For the past nearly 30 years I have dedicated my career to trying to understand how to move people from passivity to doing something they wouldn’t normally do: give their money to someone else. I have specialized in the early stages of giving because, to me, it holds the greatest challenge and mystery.
When I first started as a student caller at my alma mater in 1997, I was learning how to fundraise like a line worker at a factory: make the call, ask these questions in this order, ask for money at these fixed levels, and follow the structure.
Now, here is the secret I have held for many years—I wasn’t a very good fundraiser. I was a very good line worker. Many of my peers were better than I was, mostly because they were more comfortable varying from the structure and having authentic conversations.
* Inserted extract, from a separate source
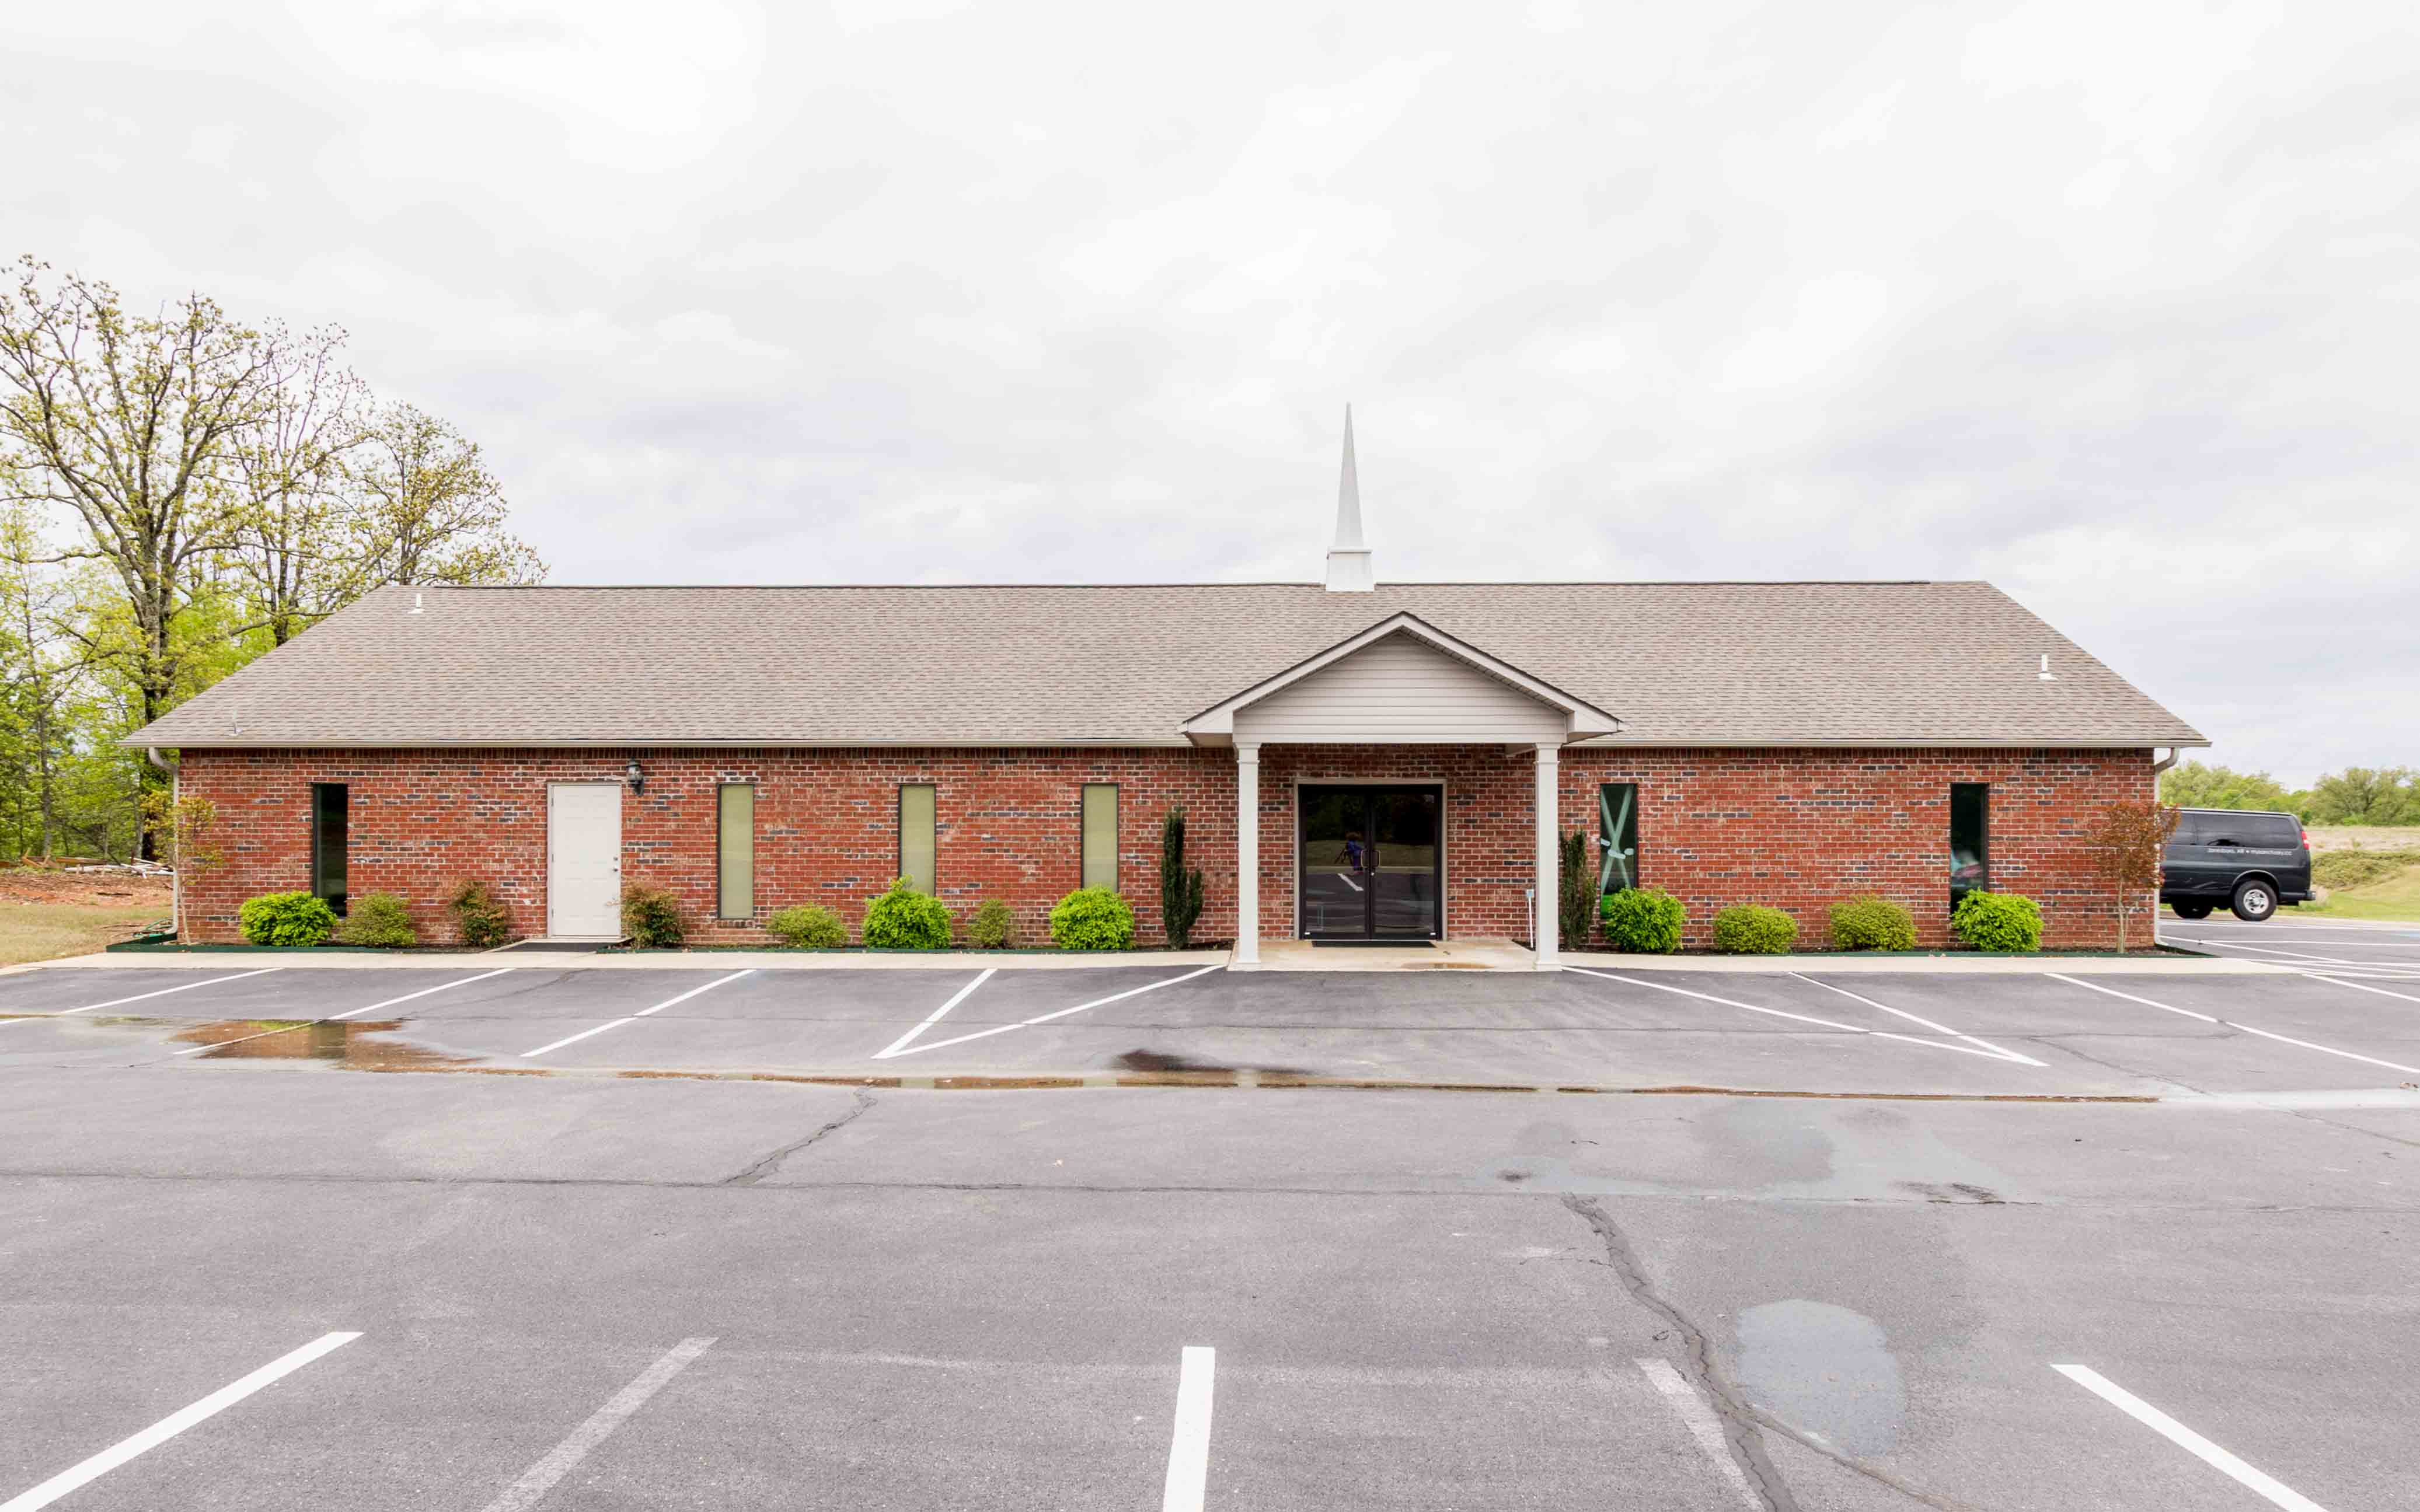 1632 Strawfloor Dr, Jonesboro, AR 72404, Jonesboro, Arkansas 72404

This commitment to the process has served me well for many years. However, embedded in my student caller roots is this idea that we are in a volume business. For nearly three decades, I have been in that volume business: we secure a donor’s gift at the lowest cost point possible. Throughout my experiences, though, I have always worked to bring greater science to the art of fundraising—to shift, in some way, the equilibrium and bring the framework of efficiency to balance the relational art of our work.
Today, I have become concerned that the very nature of what makes me good at this work may be a part of what is wrong with this space. In our pursuit of annual effectiveness, have we created a generation of indifferent alumni?